Dataset excerpt
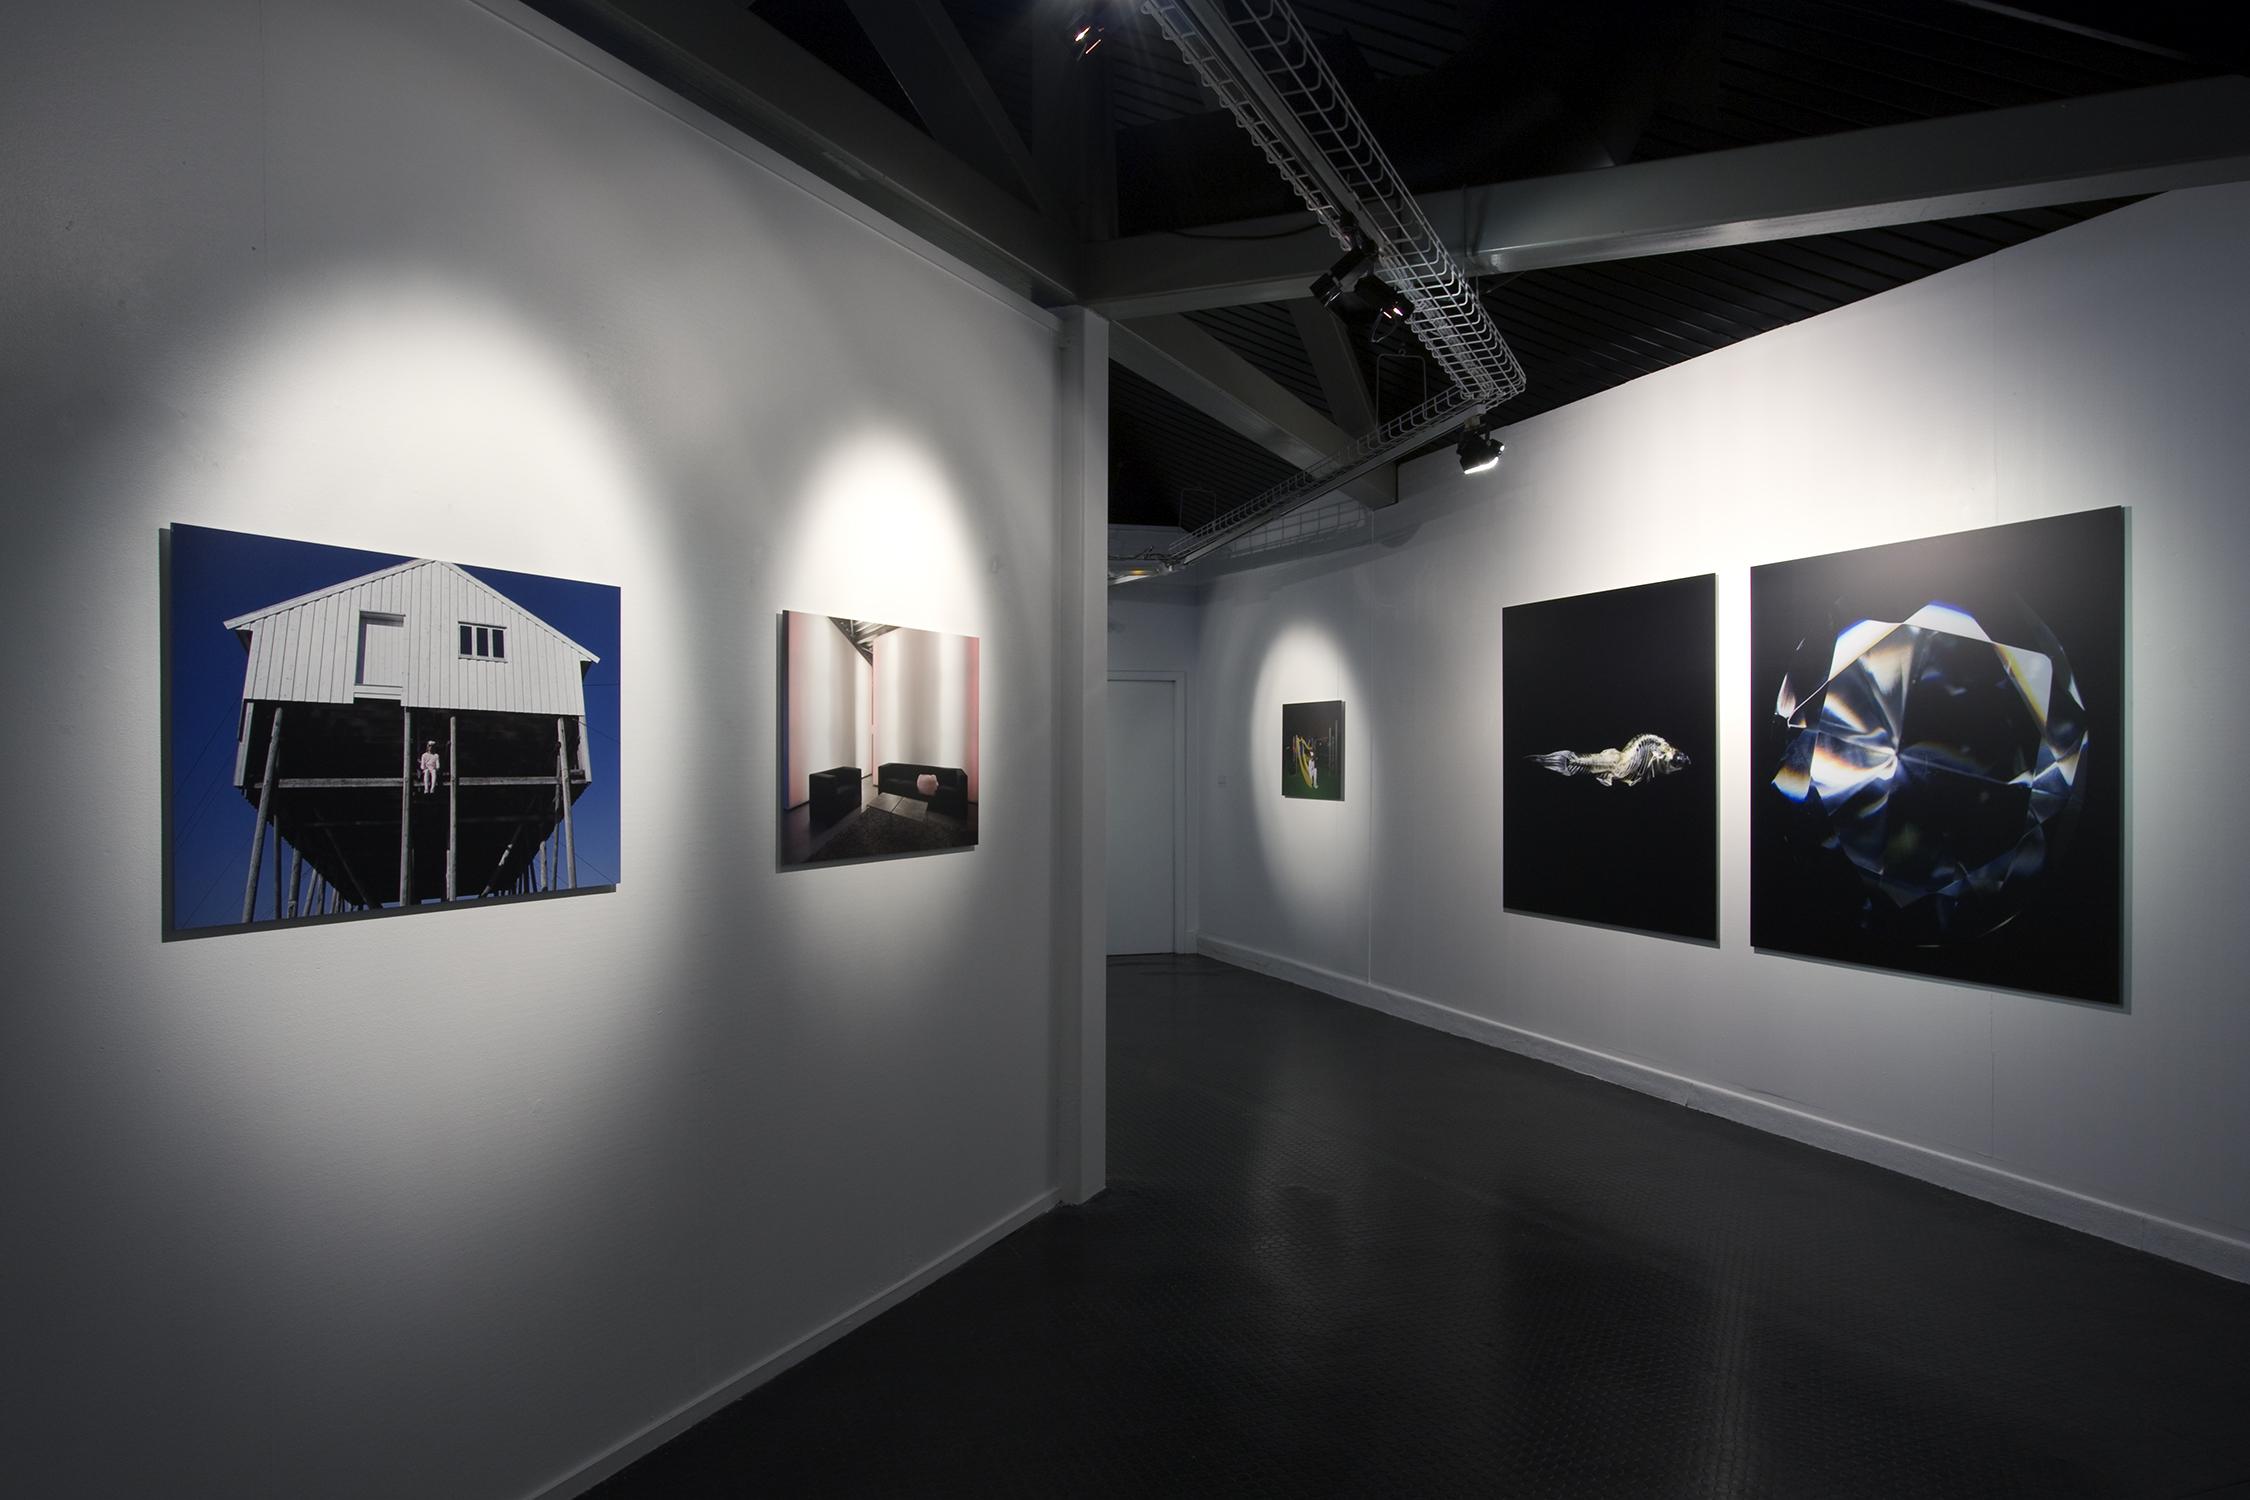 Truc-Anh_2010_Galerie-Le-Lieu_Pan-Peter_06
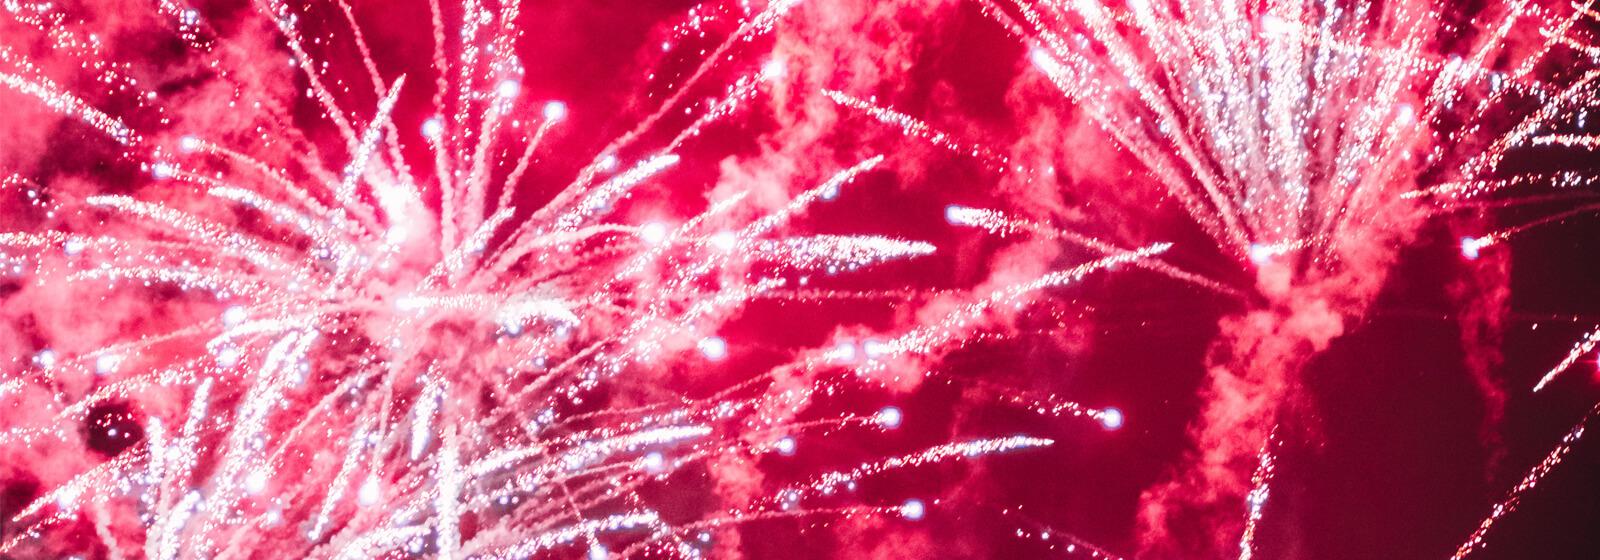 Fireworks image slide
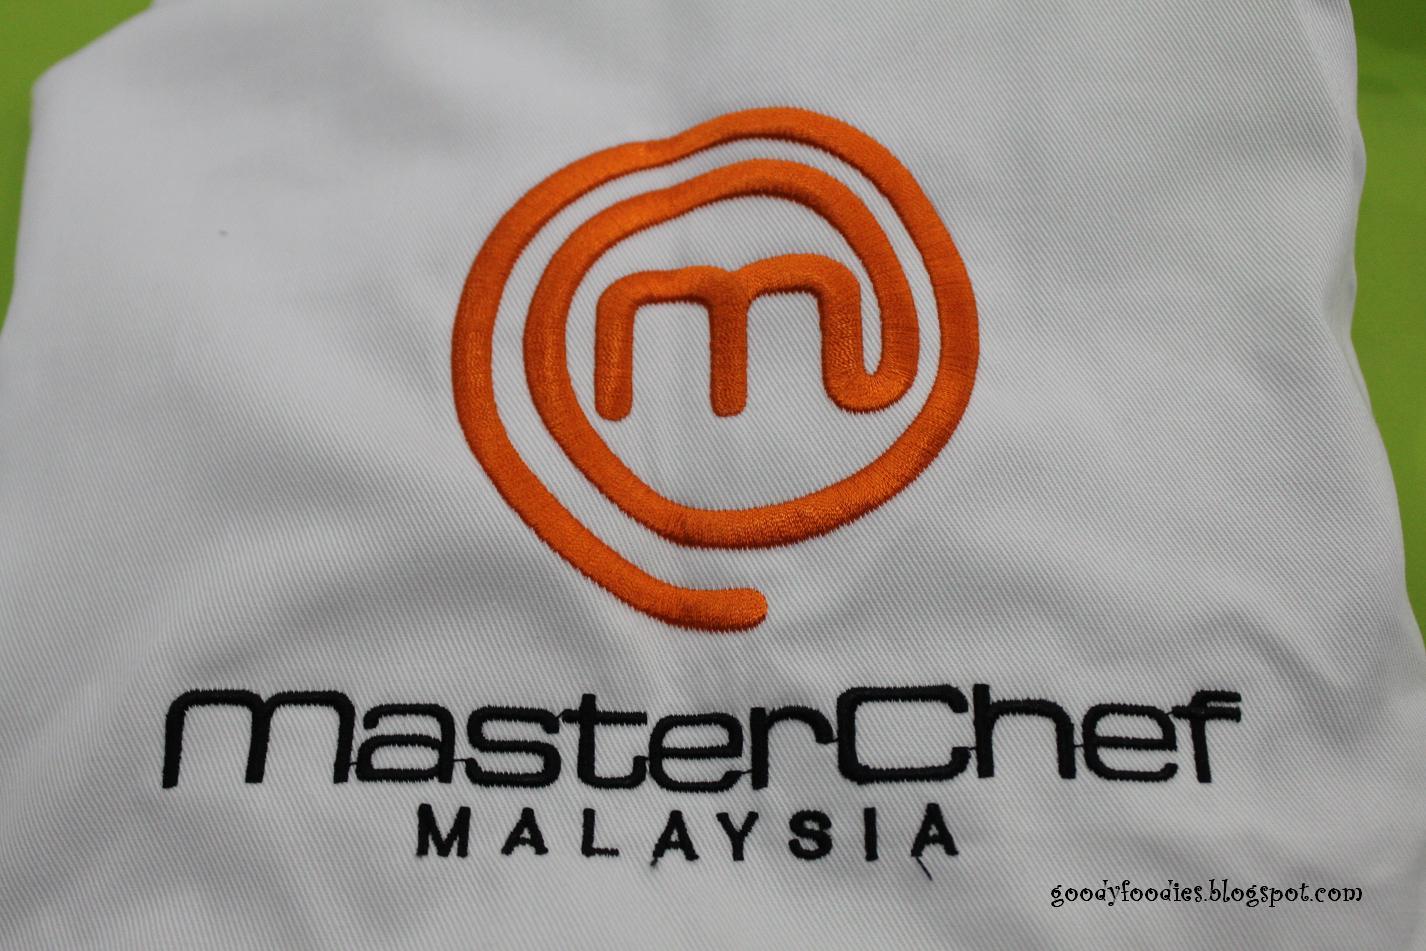 White apron malaysia - Each Of Us Got A Masterchef Malaysia Apron To Put On

Your assignment
Reproduce every line of the material above, but drop the pictures.

Answer to the exercise
 Truc-Anh_2010_Galerie-Le-Lieu_Pan-Peter_06
 Fireworks image slide
 White apron malaysia - Each Of Us Got A Masterchef Malaysia Apron To Put On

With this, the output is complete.